Therefore, the equation of the line  is   $(\sqrt3+1)x-(\sqrt3-1)y = 4(\sqrt3-1)$

Intersecting the $x$-axis at a distance of $3$ units to the left of origin with slope $-2$

We know that the equation of the line passing through the point $(x_1,y_1)$ and with slope m is given by
$(y-y_1)=m(x-x_1)$
Line Intersecting the $x$-axis at a distance of $3$ units to the left of origin which means the point is (-3,0)
Now, the equation of the line passing through the point (-3,0) and with slope -2  is
$(y-0)= -2(x-(-3))\\ y = -2x-6\\ 2x+y+6=0$
Therefore, the equation of the line  is   $2x+y+6=0$

Intersecting the $y$-axis at a distance of $2$ units above the origin and making an angle of  $30^{\circ}$ with positive direction of the x-axis.

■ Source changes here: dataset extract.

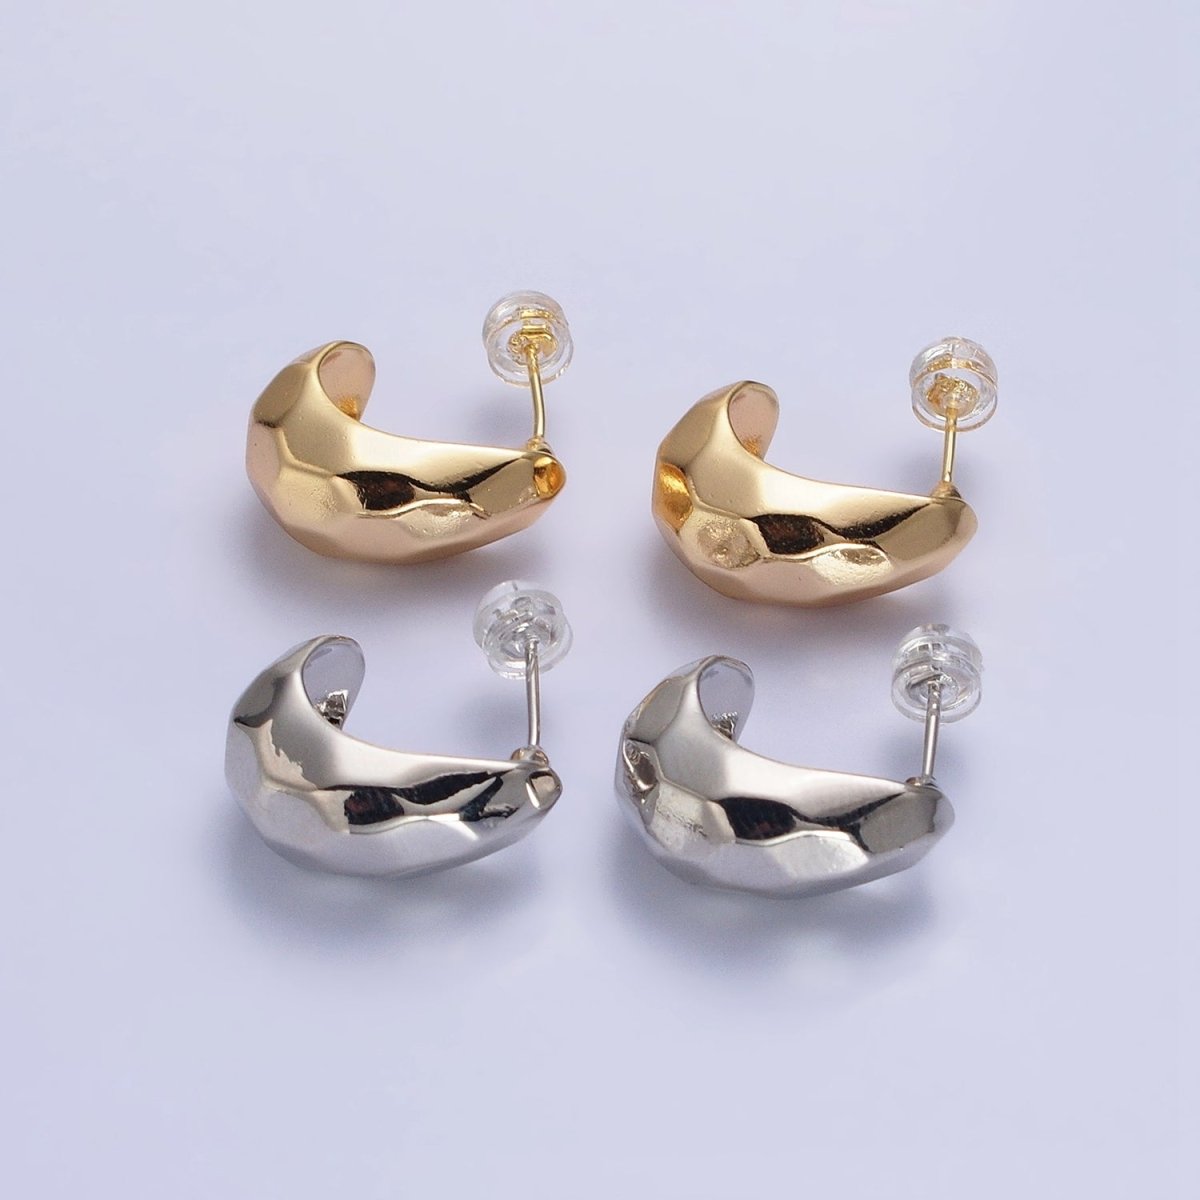 Gold, Silver Geometric Abstract Multifaceted C-Shaped Dome Hoop Earrings | AB587 AB588 - DLUXCA

We know that , equation of line passing through point $(x_1,y_1)$ and with slope m is given by
$(y-y_1)=m(x-x_1)$
Line Intersecting the y-axis at a distance of 2 units above the origin which means point is (0,2)
we know that
$m = \tan \theta\\ m = \tan 30\degree \ \ \ \ \ \ \ \ \ \ \ \ \ (\because \theta = 30 \degree \ given)\\ m = \frac{1}{\sqrt3}$
Now, the equation of the line passing through the point (0,2) and with slope $\frac{1}{\sqrt3}$  is
$(y-2)= \frac{1}{\sqrt3}(x-0)\\ \sqrt3(y-2)= x\\ x-\sqrt3y+2\sqrt3=0$
Therefore, the equation of the line  is   $x-\sqrt3y+2\sqrt3=0$

Passing through the points  $(-1,1)$  and $(2,-4)$.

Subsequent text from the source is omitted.